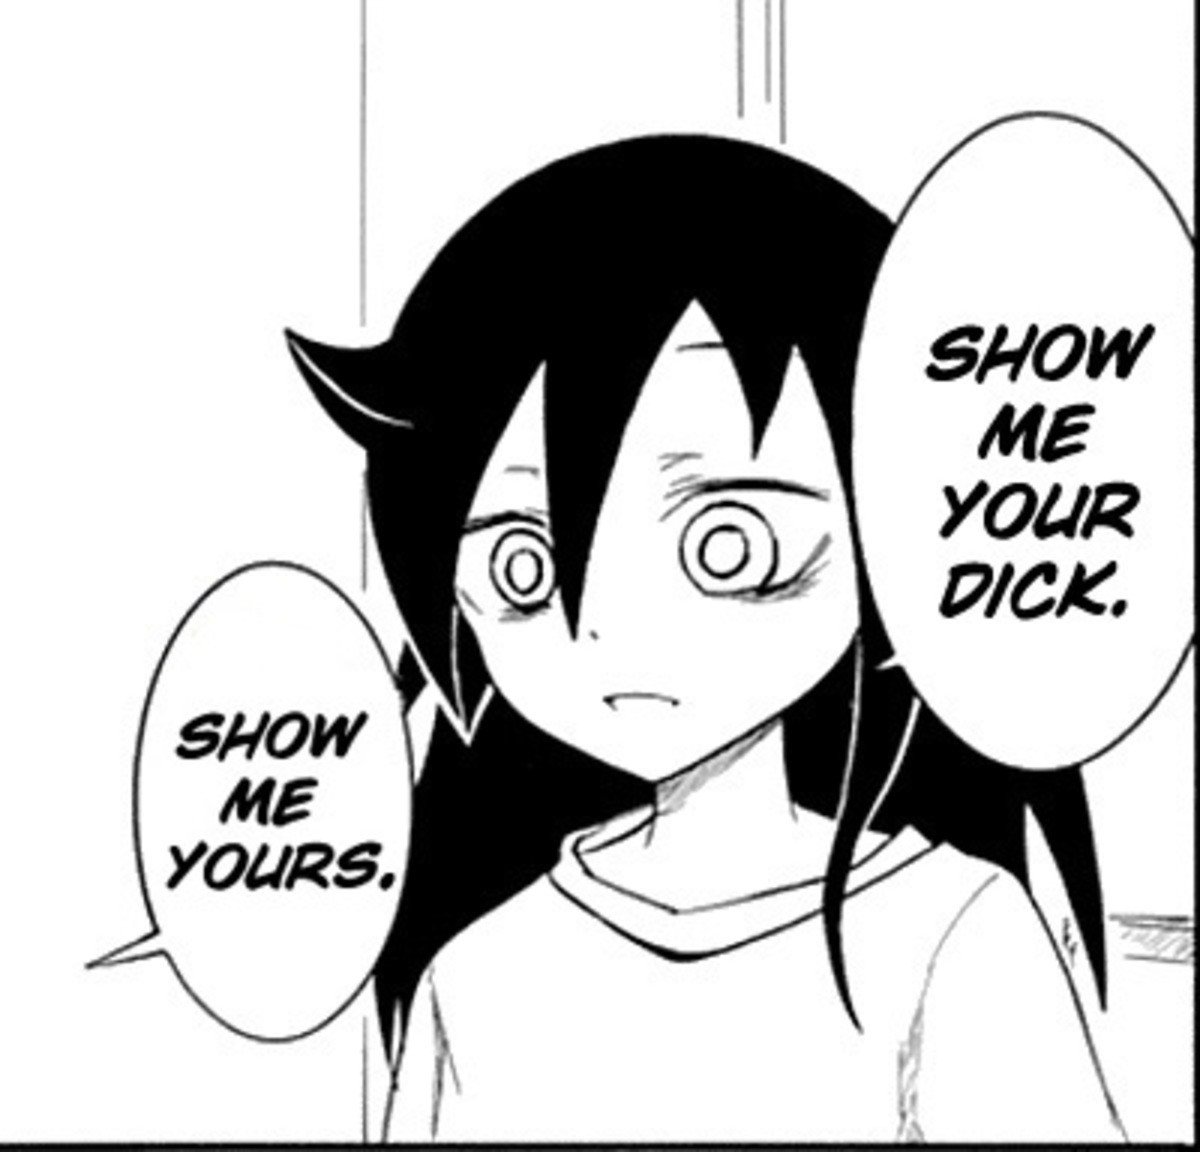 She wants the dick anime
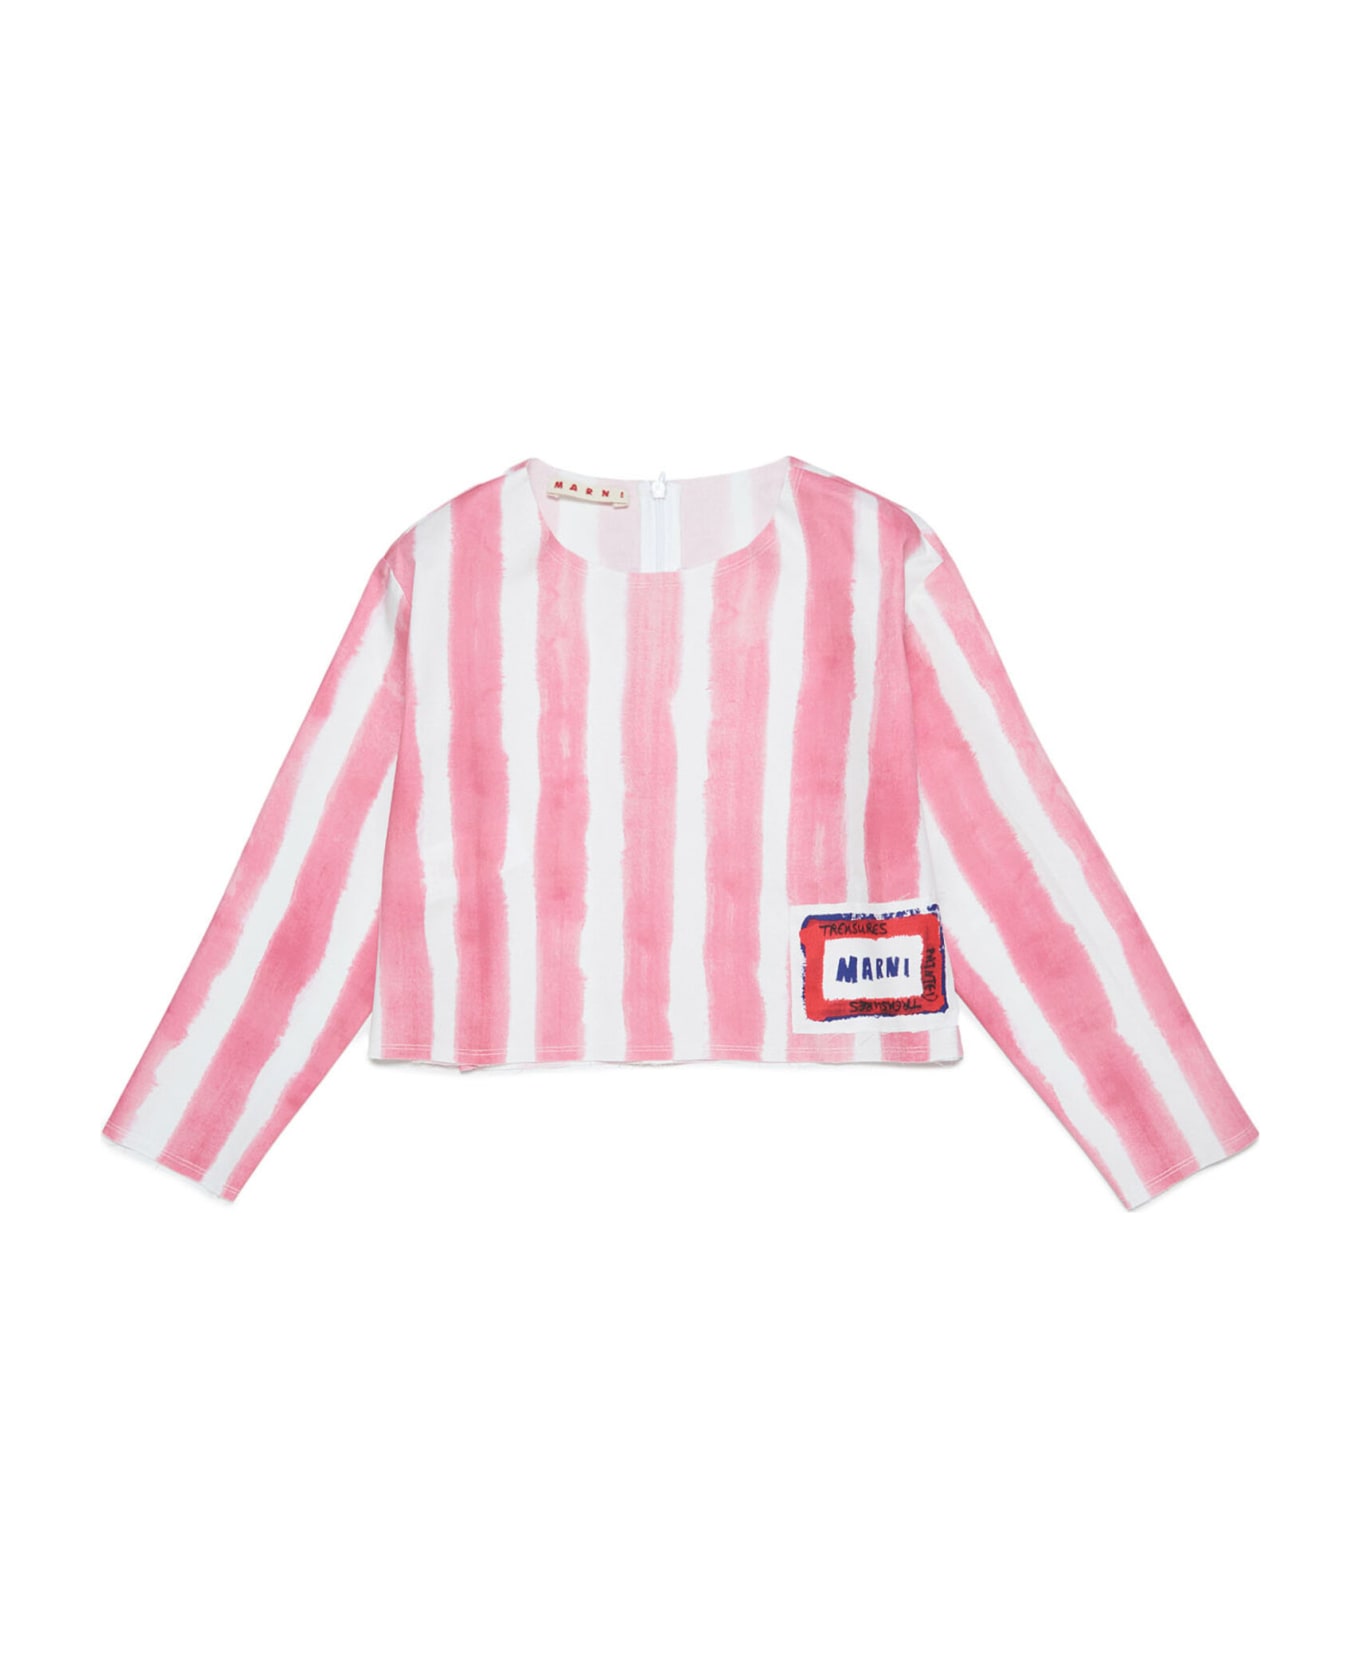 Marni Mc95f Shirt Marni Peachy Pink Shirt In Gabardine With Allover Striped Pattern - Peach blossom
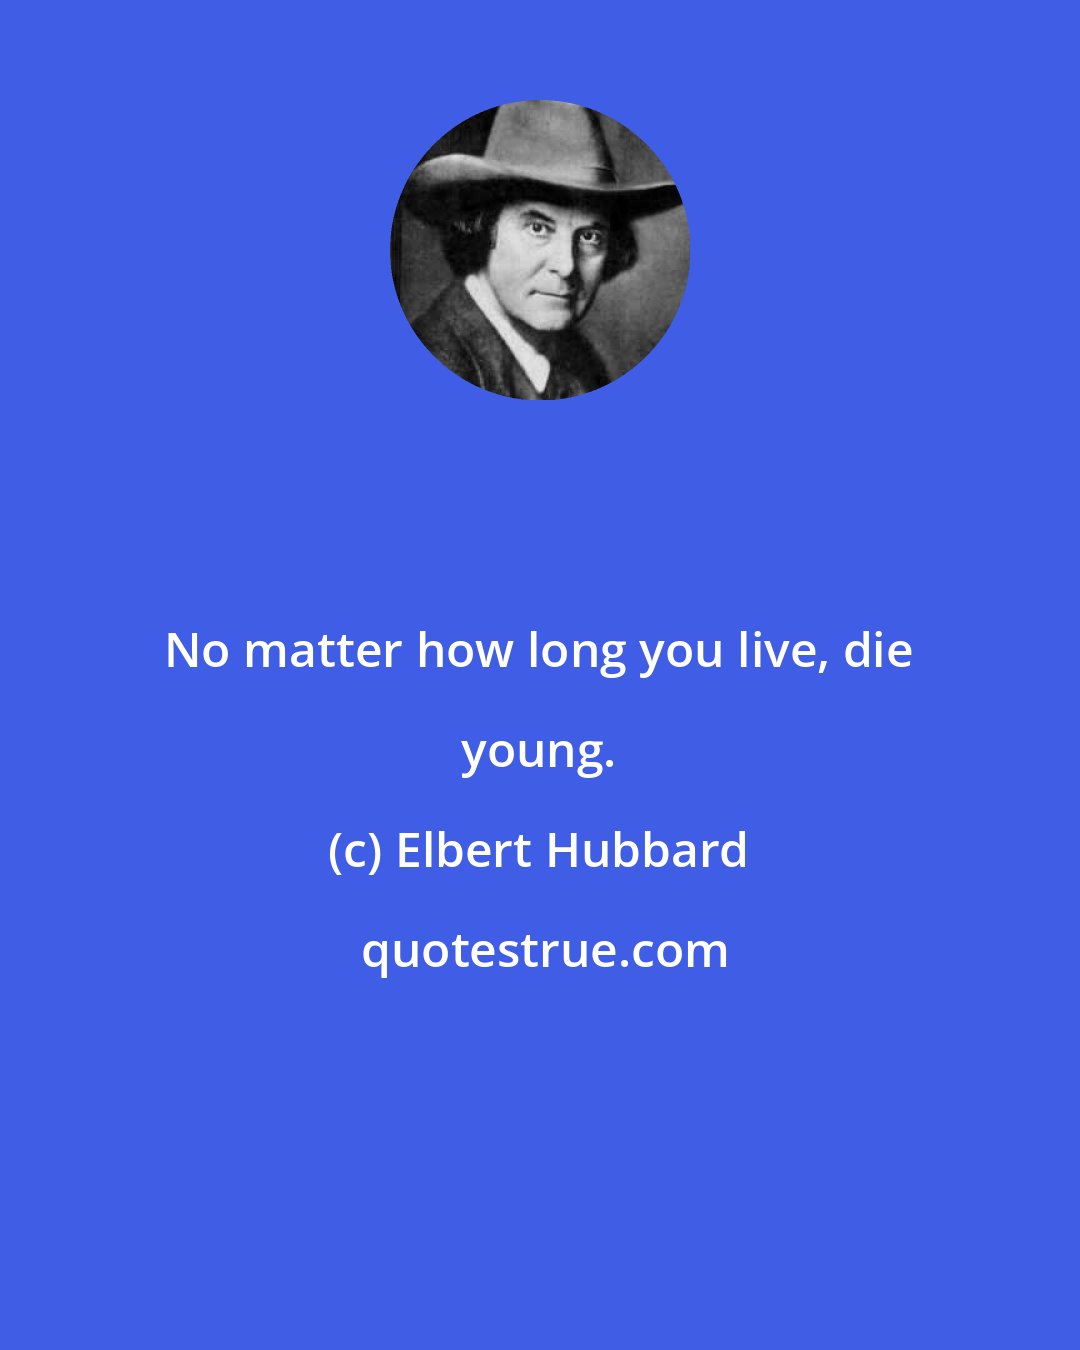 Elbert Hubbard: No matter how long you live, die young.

### WHAT TO WORK ON
Transcribe all of the lines above exactly as given. The pictures stay out.

### RESPONSE AREA
 She wants the dick anime
 Marni Mc95f Shirt Marni Peachy Pink Shirt In Gabardine With Allover Striped Pattern - Peach blossom
 Elbert Hubbard: No matter how long you live, die young.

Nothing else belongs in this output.